The Life and Death of Vita
Earlier this month, news broke that Sony was finally discontinuing production of the Vita. This got me thinking a lot about the machine. Considering my enthusiasm for handheld gaming, I’ve always viewed the Vita a bit regretfully. As a platform, it never really sparked much passion in me. It’s an amazing piece of hardware: a big colorful screen, a nice d-pad and buttons, very ergonomic compared to other handhelds, and, of course, it has two analog sticks, an addition that its predecessor sorely needed. As a machine, it’s also just very slick looking from an aesthetic standpoint. In comparison, I’ve always thought the various versions of the 3DS looked very toy-like, especially considering the classy, minimalist shapes of the DS Lite and DSi. I’m ashamed to admit this, but I always feel a bit more self-conscious when other adults see me playing a 3DS than I do when I’m playing a Vita.
The problem that I’ve always had with the Vita is the games. On the one hand, it’s unfair and inaccurate to say that the Vita doesn’t have a decently-sized library of games. The problem is it doesn’t have a lot of games unique to the system. Sony put a lot of effort into supporting the PSP with great games. They developed new series like LocoRoco and Patapon, and they had great entries of their other big series on the machine, like Killzone, Syphon Filter, Resistance, MotorStorm, and Little Big Planet. The big video game publishers in Japan were also big supporters of the PSP, but that support didn’t materialize the same way for the Vita. Square-Enix, for instance, launched huge titles for the PSP like Final Fantasy Type-0, The Third Birthday, and Crisis Core, but the only major game for the Vita from them that I can think of was the FFX/FFX-2 collection.
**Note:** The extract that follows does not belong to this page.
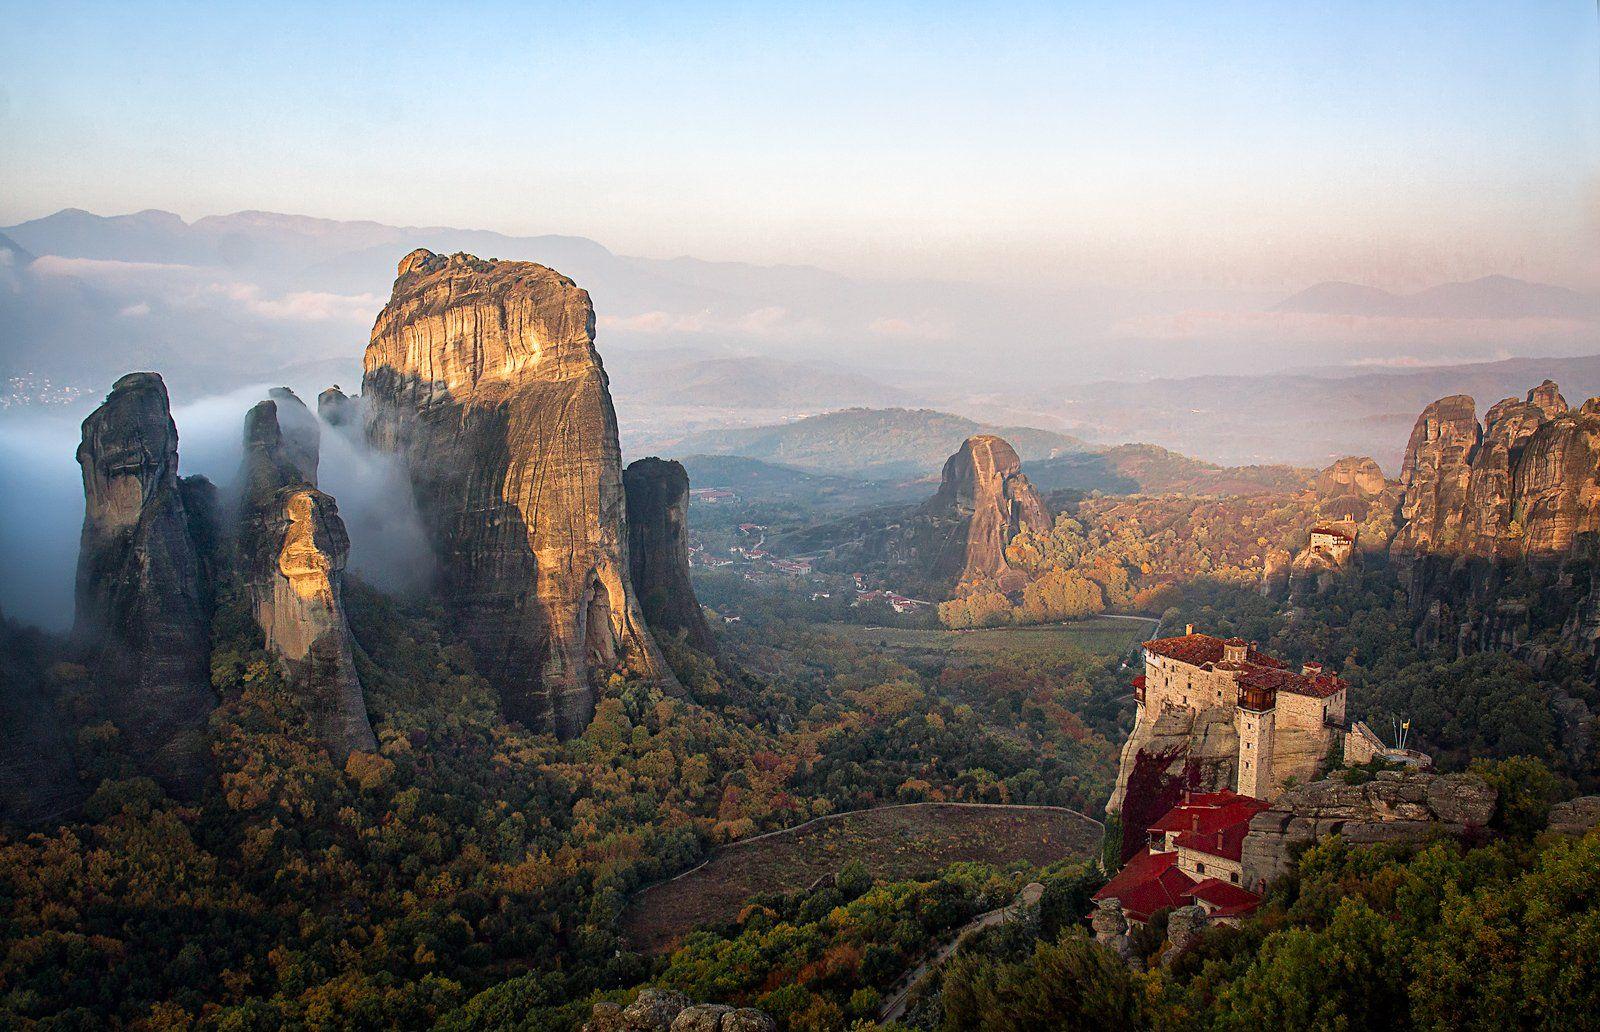 горы, туман, утро, метеоры, пейзаж,, Tatyana Forever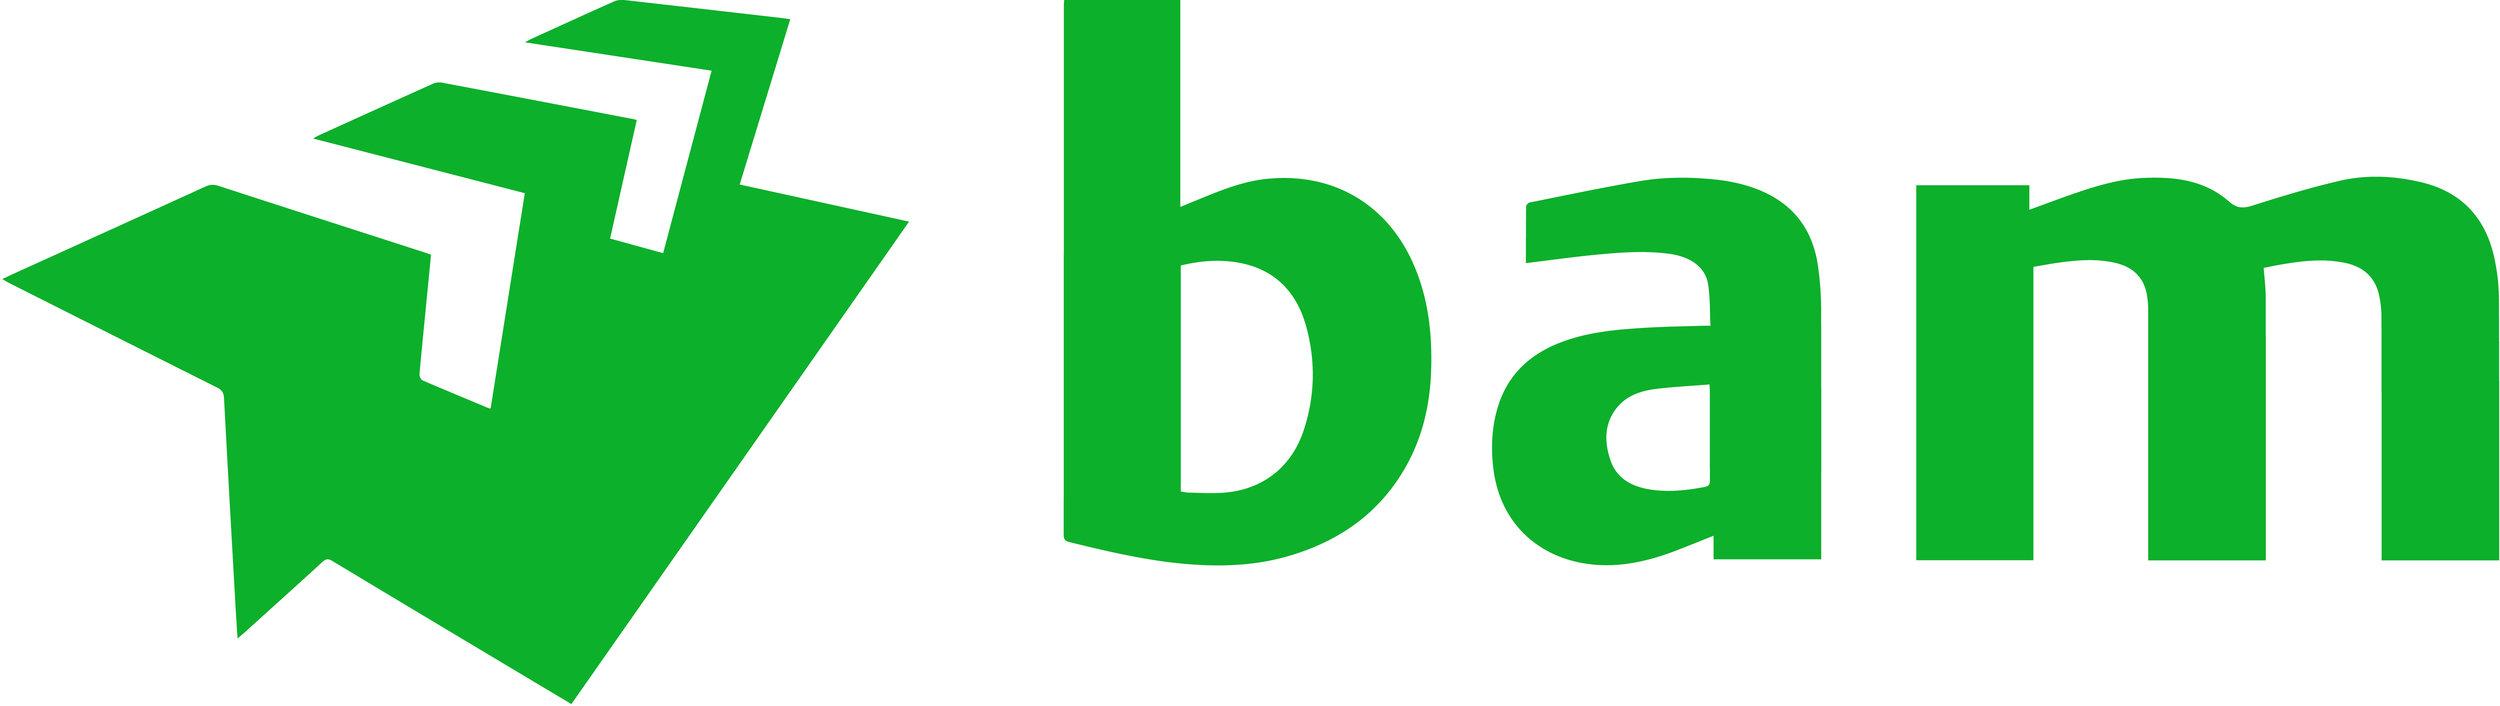 BAM Master-Logo_Green RGB-01.jpg

It seems like most of these publishers very early on decided that mobile and 3DS were simply better investments. The worst loss for the Vita was when Capcom decided to move the Monster Hunter series from PSP to 3DS, instead of Vita. Monster Hunter was a hugely successful series in Japan and was the driving force behind the PSP’s long-tail popularity over there. Worst of all, Sony, themselves, gave up on making games for the Vita pretty quickly. Going by Wikipedia, the last major release from them seems to have come out and 2013.
Regardless, the Vita still managed to cultivate a fair number of games for itself. The Vita library was heavily filled out with indie games. I like indie games, and I play a ton of them, but I was never really drawn to play these games on the Vita. This was mainly, I think, for two reasons. First, these games often released long after their original release on either Steam or PS4, and I had often already played them on these other platforms by the time they came to Vita. There were a few times when I made a conscious effort to wait for the Vita release of a specific game, but this frequently ended in the Vita version being cancelled or the wait ending up being so long that I just lost interest. The second issue I had with these games was that they were often markedly inferior versions, either running poorly on the Vita or simply not being scaled correctly to the handheld’s screen size and resolution. Stuff like uncomfortably tiny text or fuzzy image quality were recurring flaws in these ports.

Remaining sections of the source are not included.